The experience of BME commuting students
The reasons for the black and minority ethnic (BME) student degree attainment gap are complex and multifactorial. However, it appears that increasing numbers of all students are commuting to campus from the parental and family home, something now disproportionately exemplified by BME students at Leeds Beckett University.
This paper outlines findings from a small, qualitative project focusing on commuting BME undergraduates and explores how their issues and needs have been addressed through a range of cultural, infrastructural and curricular interventions.
The main issue of concern which supports the recent report (Thomas and Jones, 2017) is that many commuting BME students will prioritise academic engagement but are unaware of the wider social and cultural capital that can be gained from participating in extra-curricular activities.
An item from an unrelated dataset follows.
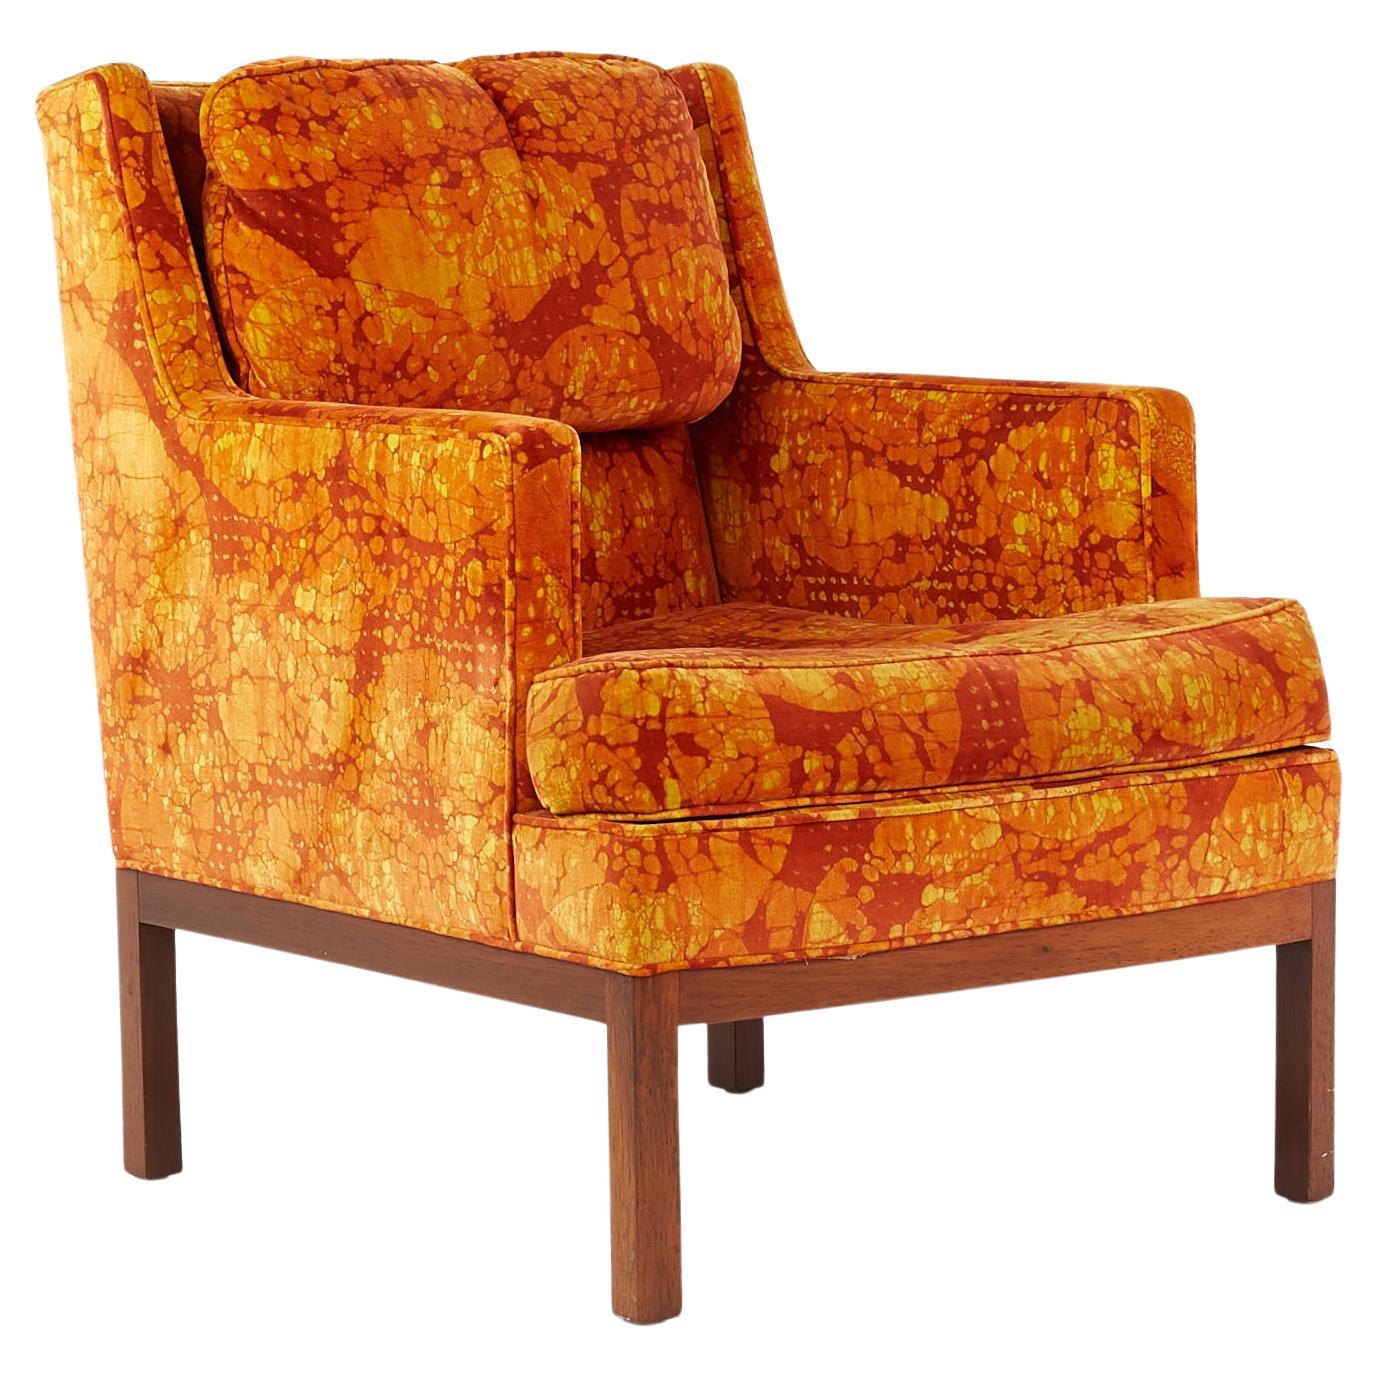 Edward Wormley for Dunbar Mid Century Lounge Chair with Jack Lenor Larsen Fabric For Sale

It is clear that some difficulties faced by BME commuting students are identical to those faced by all commuting students: stress, impractical timetabling and assessment deadlines, ‘invisibility’. BME students (commuting and non-commuting) are already often disadvantaged by a poorer learning experience than that of their peers and consequently by lower degree attainment (Richardson, 2008a & b, Newbold et al., 2011) and reduced employability (Allen, 2016), an inequality that may be compounded in the case of those disproportionately high numbers of BME students who also commute.
University action must be situated within a broader framework of inclusive academic practice, drawing on a “holistic engagement vision” (Pickford, 2016, p. 31) of infrastructural support and partnership working between students and staff.